RESULTS: Eighteen expert respondents were included. Responders perceived publication bias to be a possibility for comparisons of RD <1 cm versus RD=0 cm, but more so for comparisons involving higher volume suboptimal RD thresholds. However, experts' perceived publication bias in comparisons of RD=0 cm versus suboptimal RD thresholds did not translate into many elicited missing studies in Part B of the elicitation exercise. The median number of missing studies estimated by responders for the main comparison of RD<1 cm versus RD=0 cm was 10 (IQR: 5-20), with the number of missing studies influenced by whether the effect size was equivocal. The median number of missing studies estimated for suboptimal RD versus RD=0 cm was lower.
CONCLUSIONS: The results may raise awareness that a degree of scepticism is needed when reviewing studies comparing RD <1 cm versus RD=0 cm. There is also a belief among respondents that comparisons involving RD=0 cm and suboptimal thresholds (>1 cm) are likely to be impacted by publication bias, but this is unlikely to attenuate effect estimates in meta-analyses. © Author(s) (or their employer(s)) 2022. Re-use permitted under CC BY-NC. No commercial re-use. See rights and permissions. Published by BMJ.

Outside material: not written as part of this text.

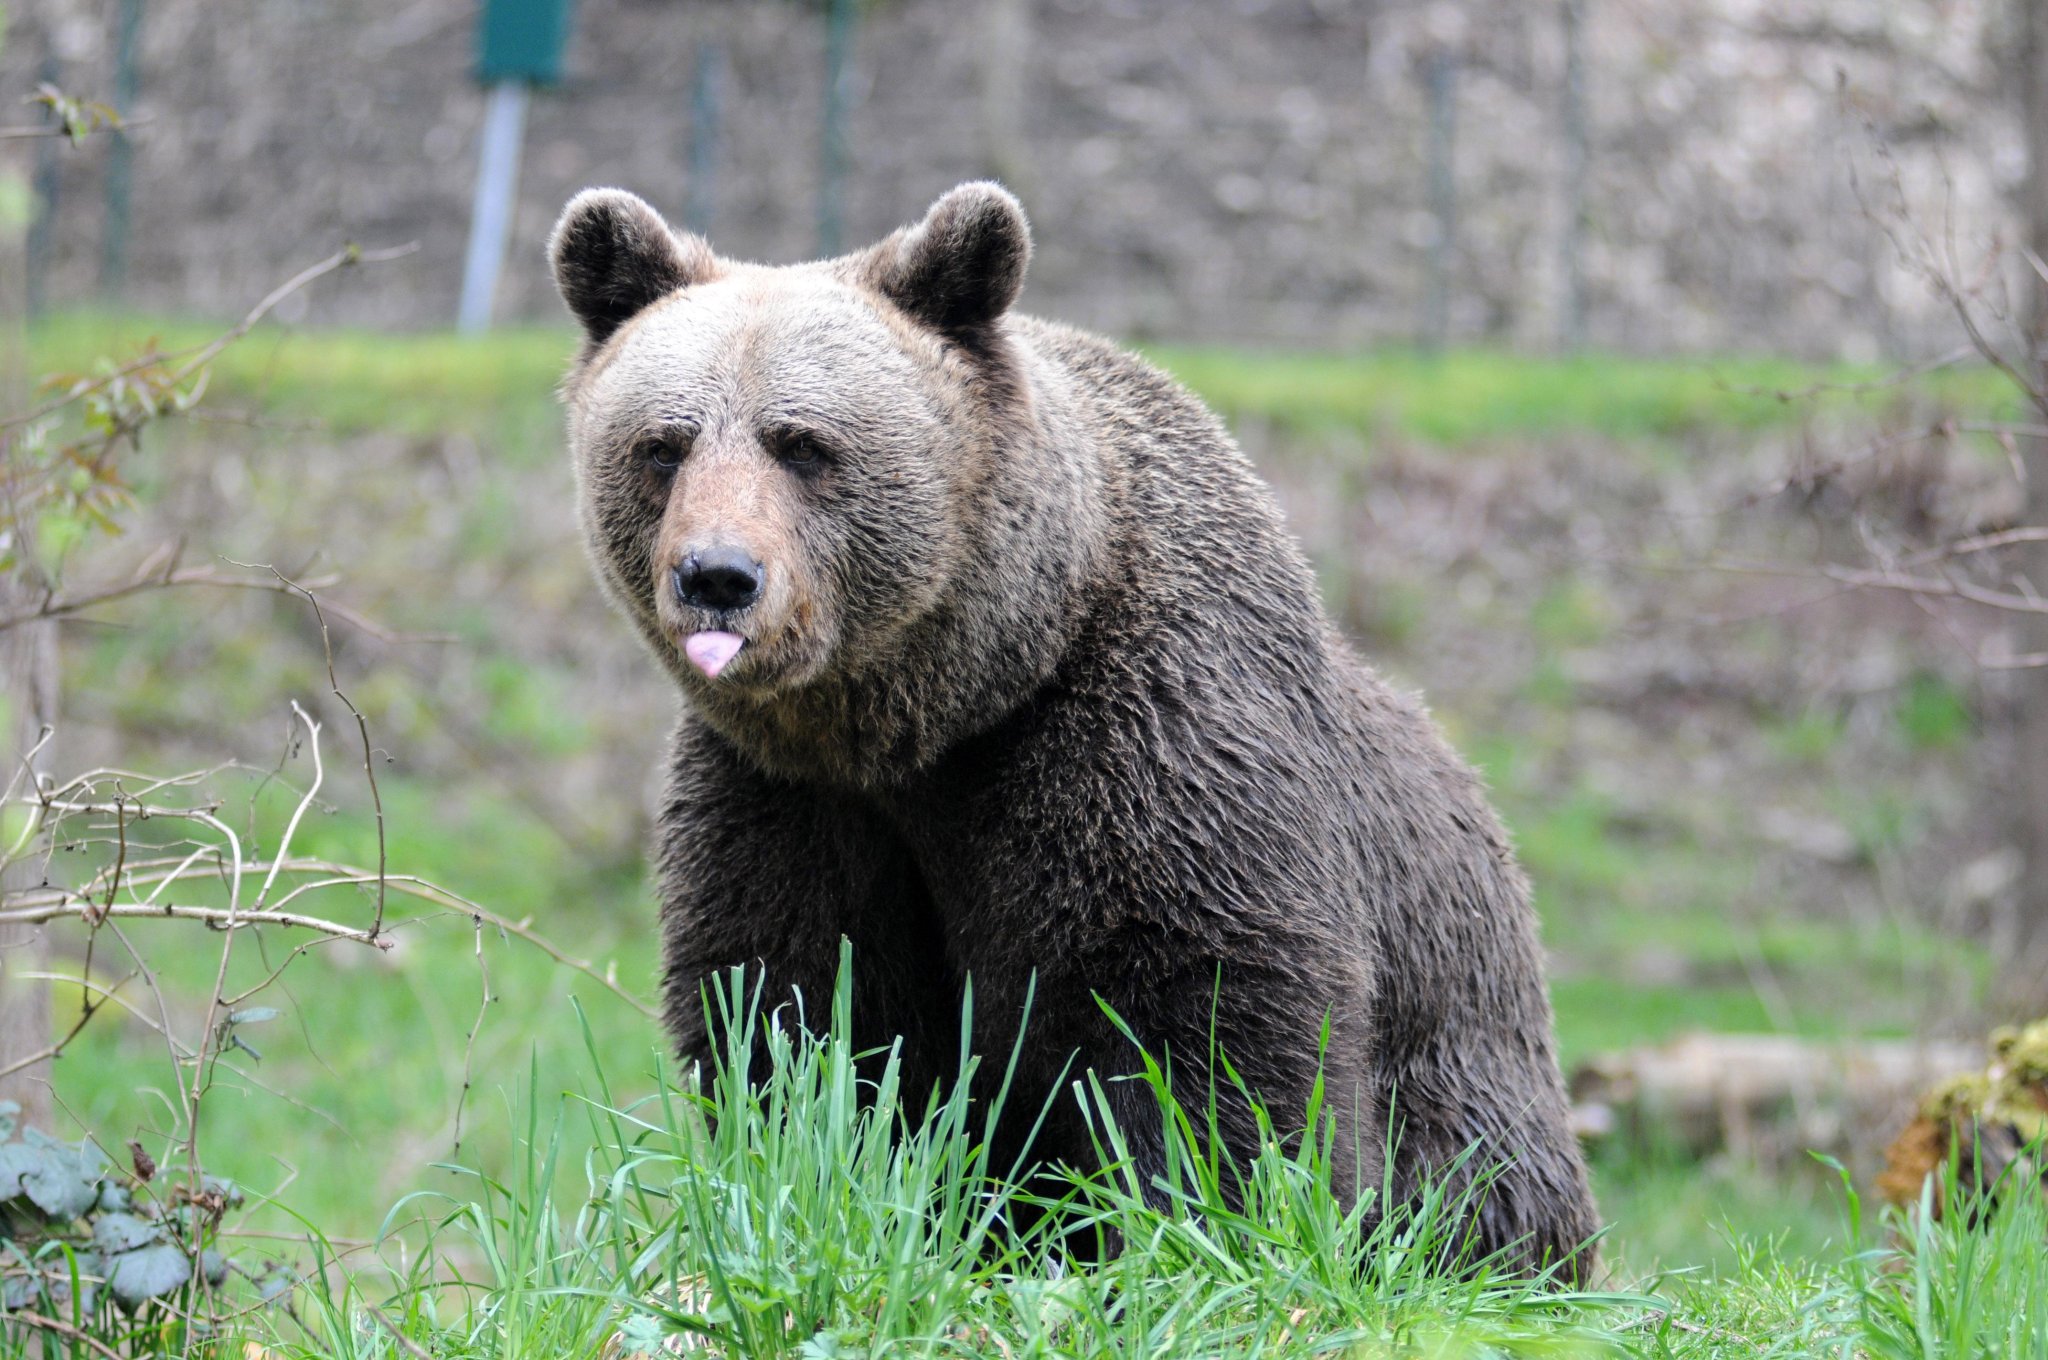 Runner morto a Trento, Pichetto: "Sopprimere orsa Jj4 non può essere una vendetta"

In our elicitation exercise, designed in collaboration with senior gynae-oncologists, the number of respondents (n=18) was sufficient to provide a solid basis for meaningful conclusions to be drawn in an area of uncertainty.

Part A of the elicitation identifies areas where publication bias is of concern, but the questions asked do not provide an indication of the direction of any bias.

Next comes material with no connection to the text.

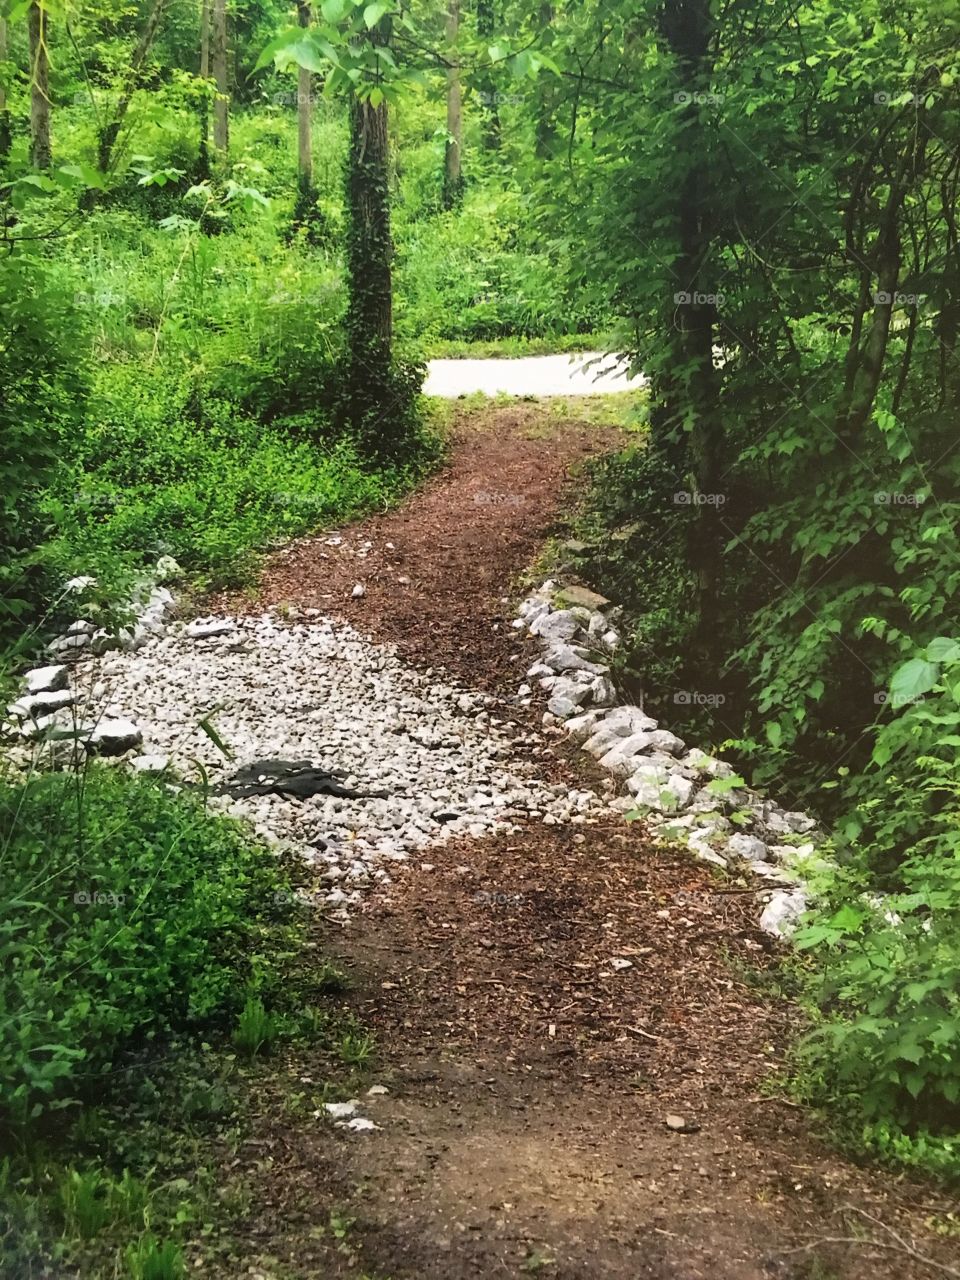 A rock strewn path

Therefore, in Part B of our elicitation exercise, we collected information that would enable any planned meta-analysis estimates to be adjusted for the anticipated impact of publication bias.

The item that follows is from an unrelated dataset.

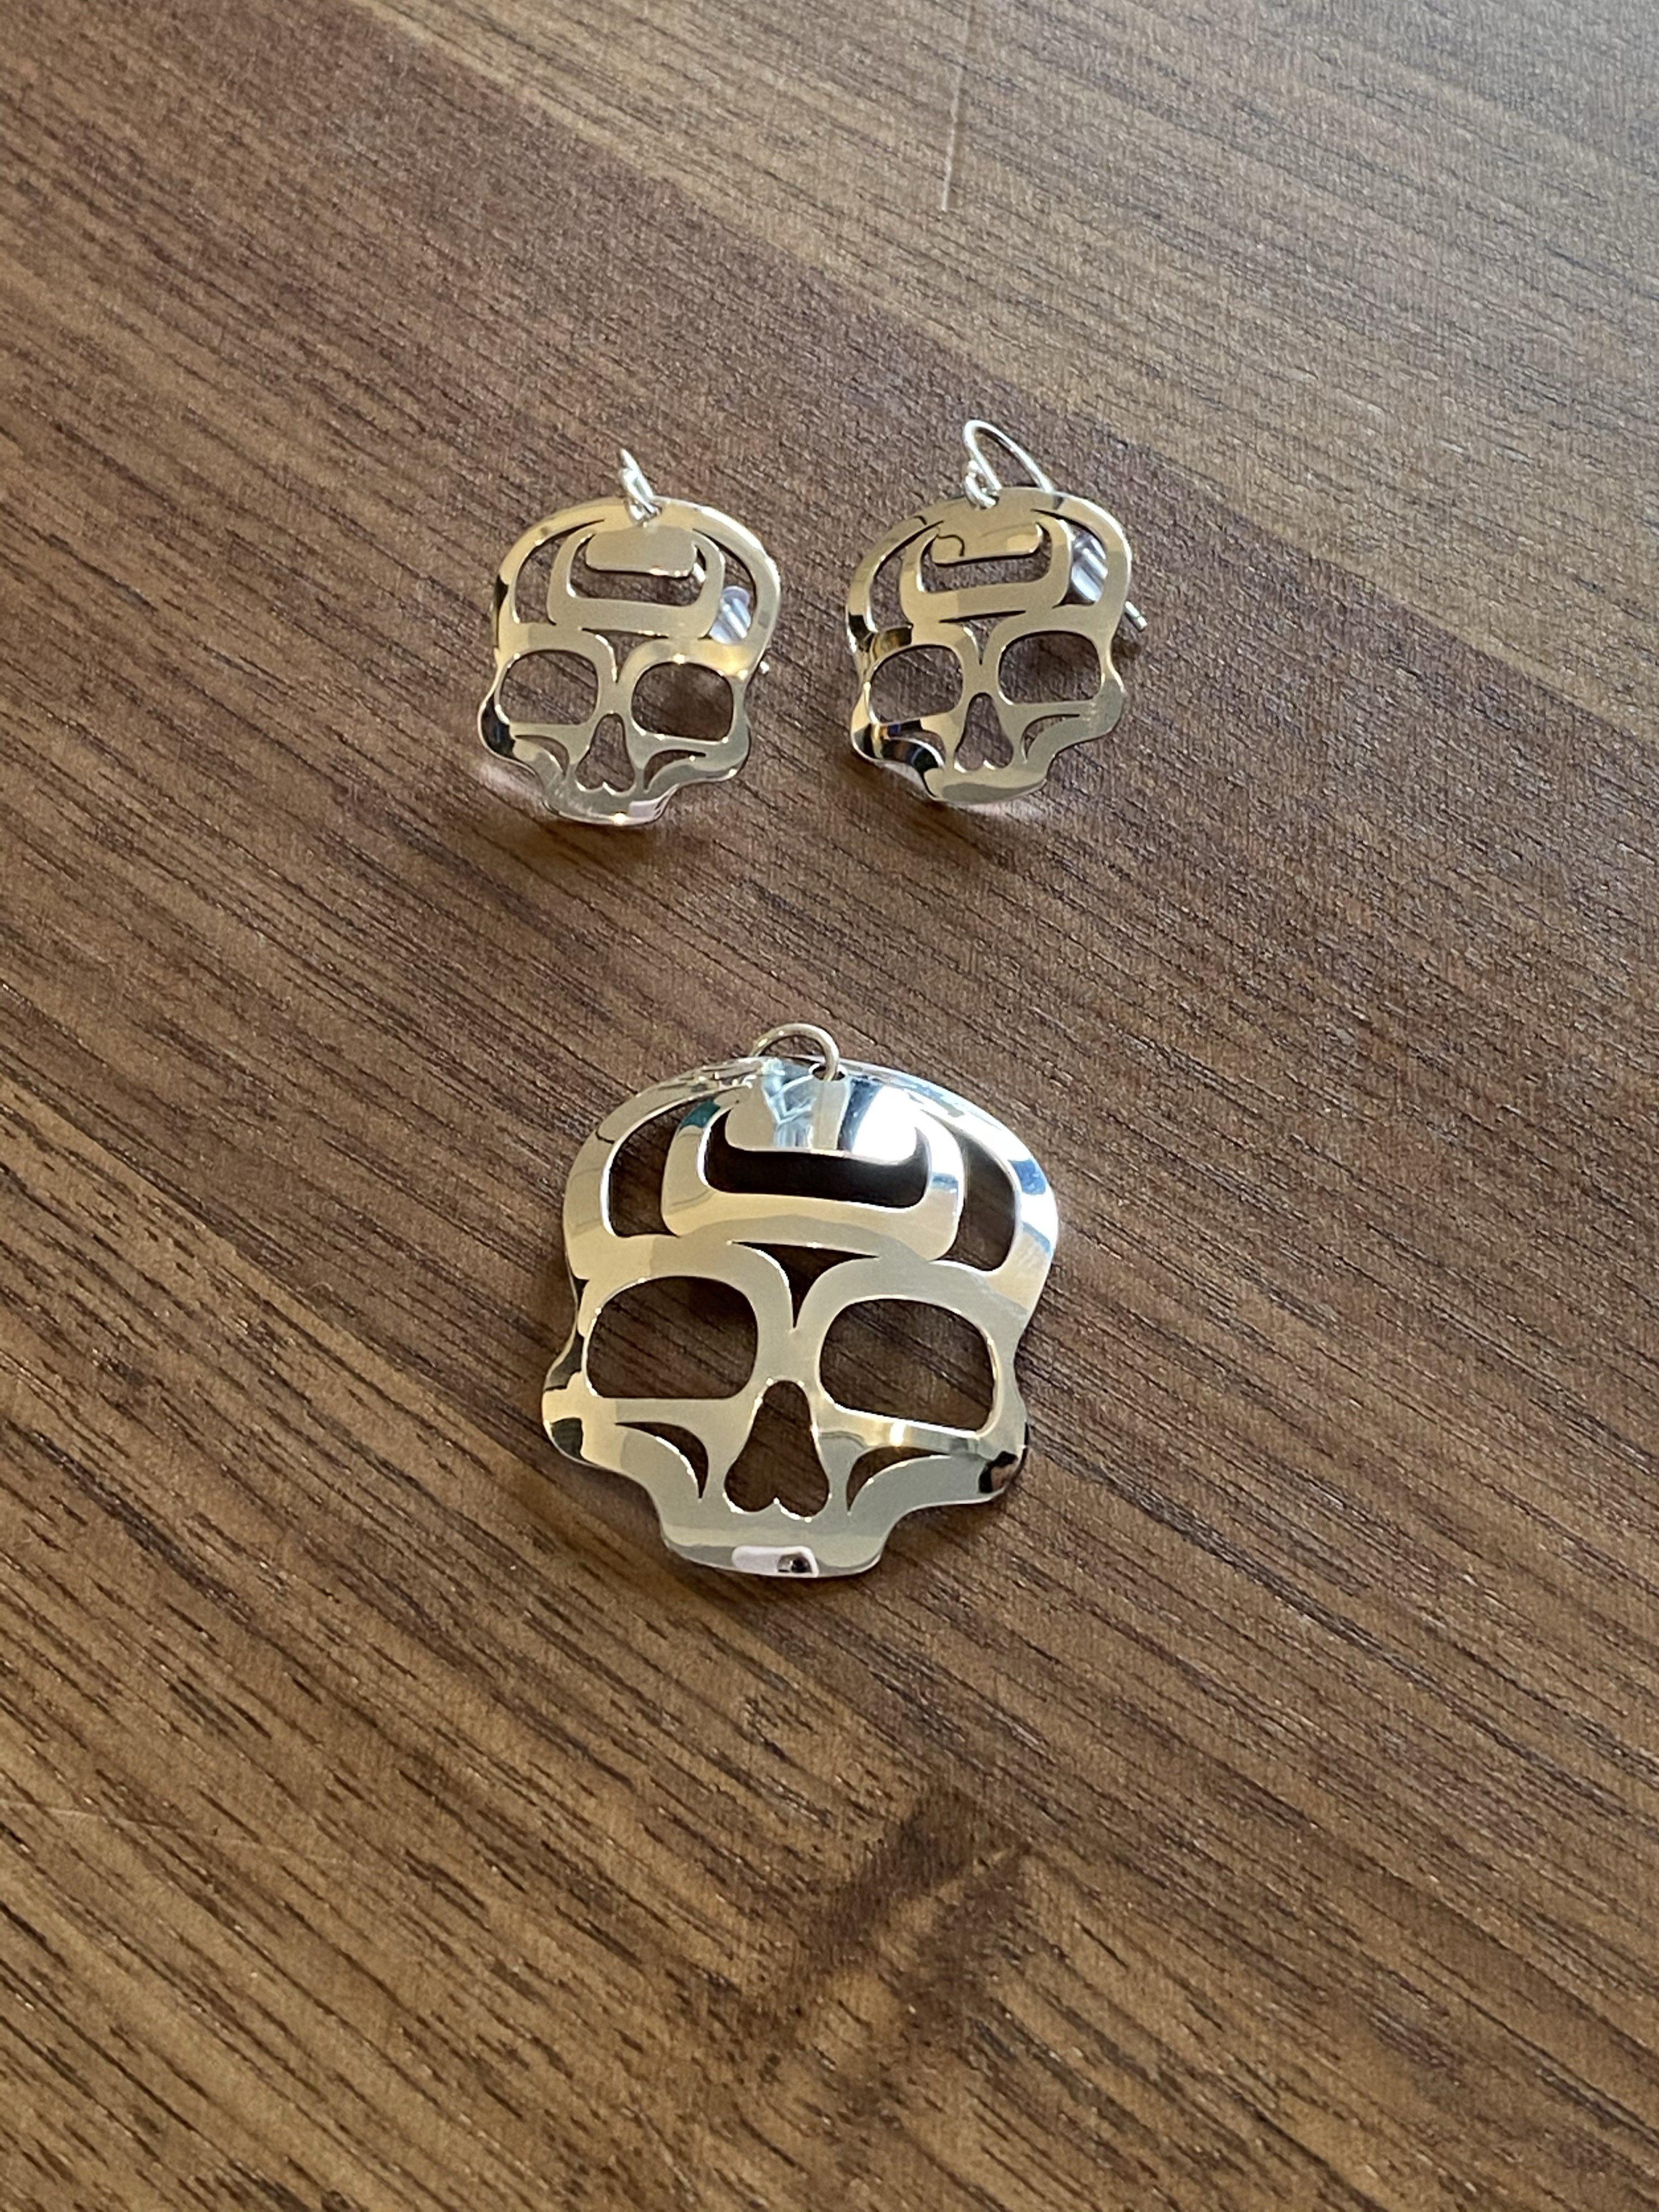 Ancestral Skull Earrings Sterling Silver 1" Earrings

The approach adopted is inexpensive and easy to design and administer and did not rely on any contact with participants, who were able to complete at their own convenience.

However, answers given by the experts to open-ended questions were prone to an ‘extreme answer bias’.

Introduction

Residual disease (RD) after upfront primary debulking surgery (PDS) for advanced epithelial ovarian cancer (EOC) is believed to be a key determinant of overall survival (OS). A recent prognostic factor systematic review protocol aims to demonstrate the superiority in terms of OS of the complete removal of RD in advanced EOC compared with leaving macroscopic disease (that is, the surgeon leaving some visible disease).1

However, much of the evidence in this area comes from small and/or retrospective studies. Relying on such studies to draw conclusions may be unsound. One reason for this relates to possible publication biases, which may be more pronounced for small, retrospective evaluations. Publication bias can arise when the publication of research findings depends on the nature and direction of the results. It is more likely in smaller and retrospective studies than for larger randomised controlled trials.2–6 Small studies might be underpowered and, furthermore, null findings might be due to deficiencies in the study design and conduct. Hence, including these studies might not lead to an appropriate adjustment of meta-analysis estimates. This is why we planned to include studies with a minimum sample size of 100 patients in the systematic review.

Therefore, given the nature of the evidence base, publication bias could be hypothesised to lead to a bias in favour of more complete removal of RD as described below.

Small and retrospective studies are also prone to other biases, particularly selection bias, (ie, systematic differences between groups in terms of baseline characteristics) compared with randomised trials.7 8 Furthermore, all study designs may suffer from inadequacies of study conduct, such as deficiencies in blinding, high attrition and so on.9 10 Again, these problems are potentially exacerbated for smaller retrospective studies.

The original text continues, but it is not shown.